Martin Geoffrey V, Kudchadker Rajat J, Bruno Teresa L, Frank Steven J, Wang Jihong
Division of Radiation Oncology, Department of Radiation Oncology, The University of Texas MD Anderson Cancer Center, Houston, TX.
Division of Radiation Oncology, Department of Radiation Physics, The University of Texas MD Anderson Cancer Center, Houston, TX.
Brachytherapy. 2018 Mar-Apr;17(2):298-305. doi: 10.1016/j.brachy.2017.09.014. Epub 2017 Nov 21.
To study the deformation of the prostate by a rigid reusable endorectal coil and a balloon-type endorectal coil (BTC) during MRI of the prostate in brachytherapy imaging.
The prostate gland was contoured on 157 MRI scans from 52 prostate cancer patients undergoing brachytherapy. The curvature of the posterior prostate surface deformation was computed as a measure of prostate distortion and compared between scans with a BTC, rigid endorectal coil (REC), or no endorectal coil. For the nine patients who had MRIs with all three endorectal scenarios, a mean prostate deformation vector was also calculated between scenarios using deformable image registration. These measures of prostate distortion were compared with the prostate anterior-to-posterior to left-to-right ratio (AP/LR) on the largest prostate axial slice.
Significant differences in prostate curvature were found between scans without an endorectal coil versus a REC versus a BTC (p < 0.001). The mean prostate deformation was 3.9 mm due to the BTC and 2.0 mm for the REC (p = 0.012). The mean AP/LR ratio was 0.62 with a BTC versus 0.76 without a coil or 0.73 with a REC (p < 0.001), but no difference existed between scans with a REC versus no coil (p = 0.7). The AP/LR ratio showed moderate correlation with prostate curvature (r = 0.48), and with mean prostate deformation (r = -0.64 to 0.68).

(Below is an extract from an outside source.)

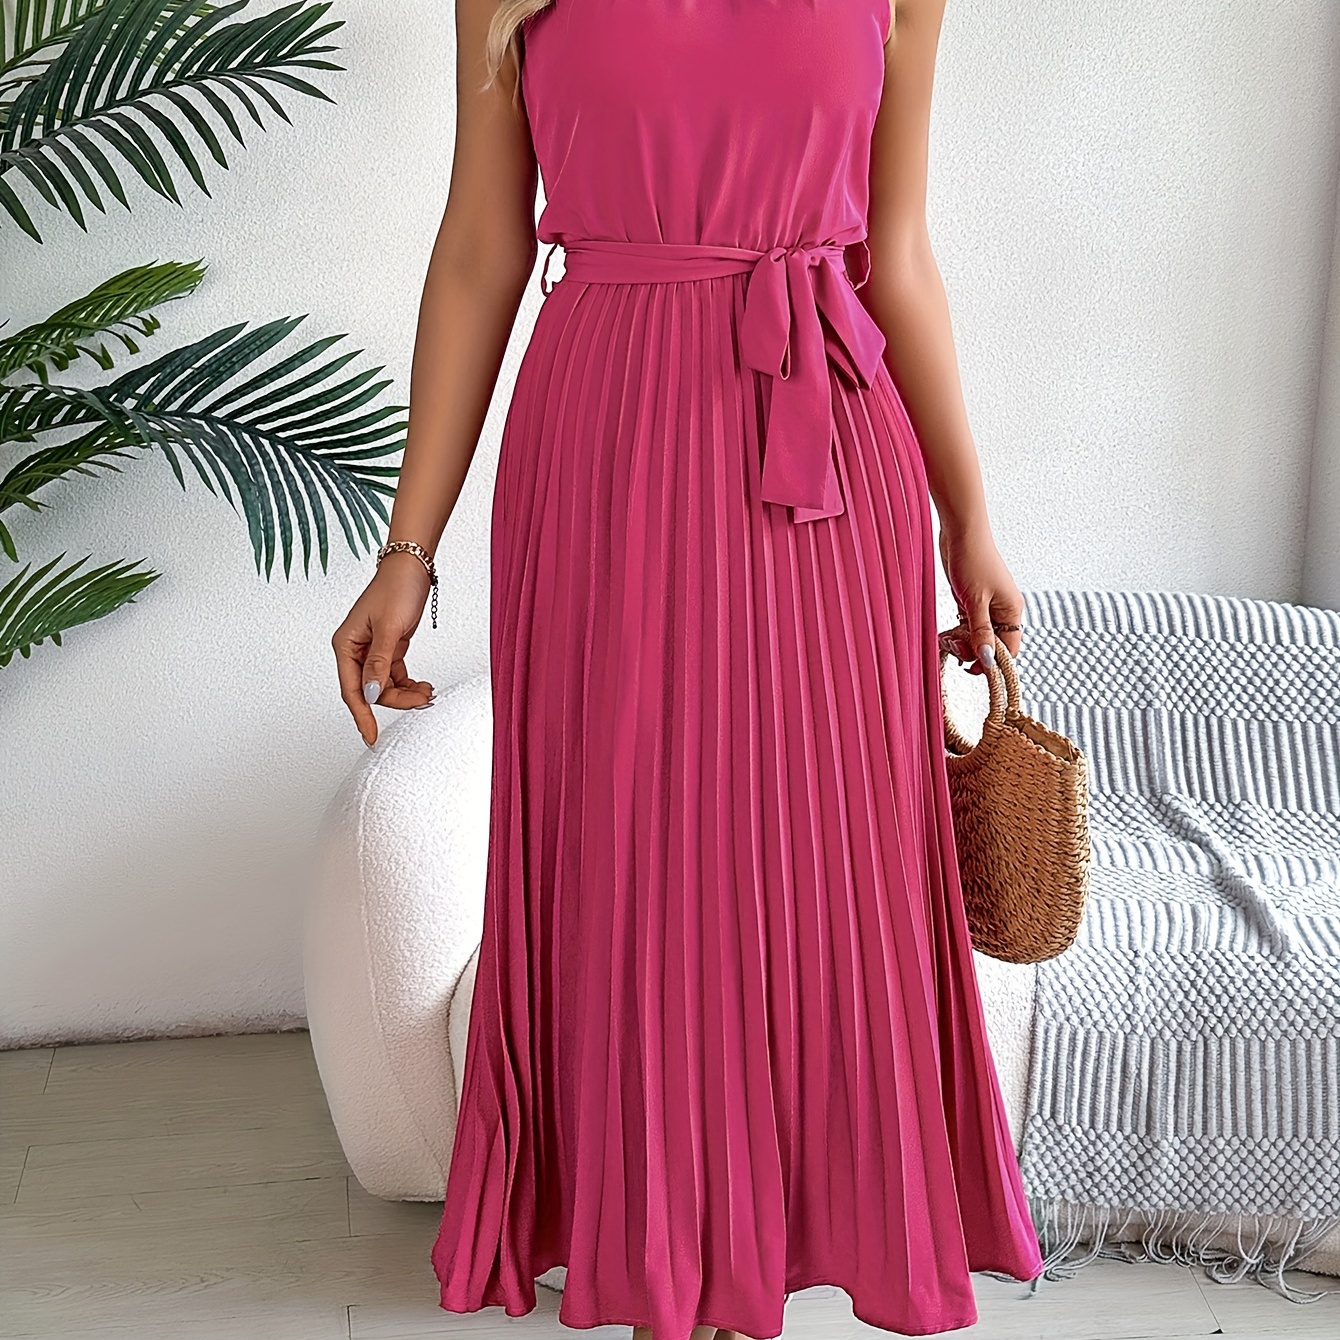 

Swiss Dot Ankle Length Dress, Elegant Sleeveless Dress For Spring & Summer, Women's Clothing

The REC caused minimal deformation of the prostate compared with a BTC with adequate MR image quality, and calculation of the cross-sectional AP/LR ratio on the largest axial prostate slice can serve as a simple measure of prostate distortion.
研究在近距离放射治疗成像的前列腺MRI检查过程中,刚性可重复使用的直肠内线圈和球囊型直肠内线圈(BTC)对前列腺的变形情况。
对52例接受近距离放射治疗的前列腺癌患者的157次MRI扫描图像上的前列腺进行轮廓勾画。计算前列腺后表面变形的曲率,作为前列腺变形的一种度量,并在使用BTC、刚性直肠内线圈(REC)或不使用直肠内线圈的扫描之间进行比较。对于9例接受了所有三种直肠内线圈扫描方案的患者,还使用可变形图像配准计算了不同方案之间的平均前列腺变形向量。将这些前列腺变形的度量与最大前列腺轴位切片上的前列腺前后径与左右径之比(AP/LR)进行比较。
未使用直肠内线圈、使用REC和使用BTC的扫描之间,前列腺曲率存在显著差异(p < 0.001)。BTC导致的平均前列腺变形为3.9毫米,REC为2.0毫米(p = 0.012)。使用BTC时的平均AP/LR比值为0.62,不使用线圈时为0.76,使用REC时为0.73(p < 0.001),但使用REC的扫描与不使用线圈的扫描之间无差异(p = 0.7)。AP/LR比值与前列腺曲率呈中度相关(r = 0.48),与平均前列腺变形呈中度相关(r = -0.64至0.68)。
与BTC相比,REC在获得足够的MR图像质量时对前列腺造成的变形最小,并且在最大的前列腺轴位切片上计算横截面AP/LR比值可作为前列腺变形的一种简单度量方法。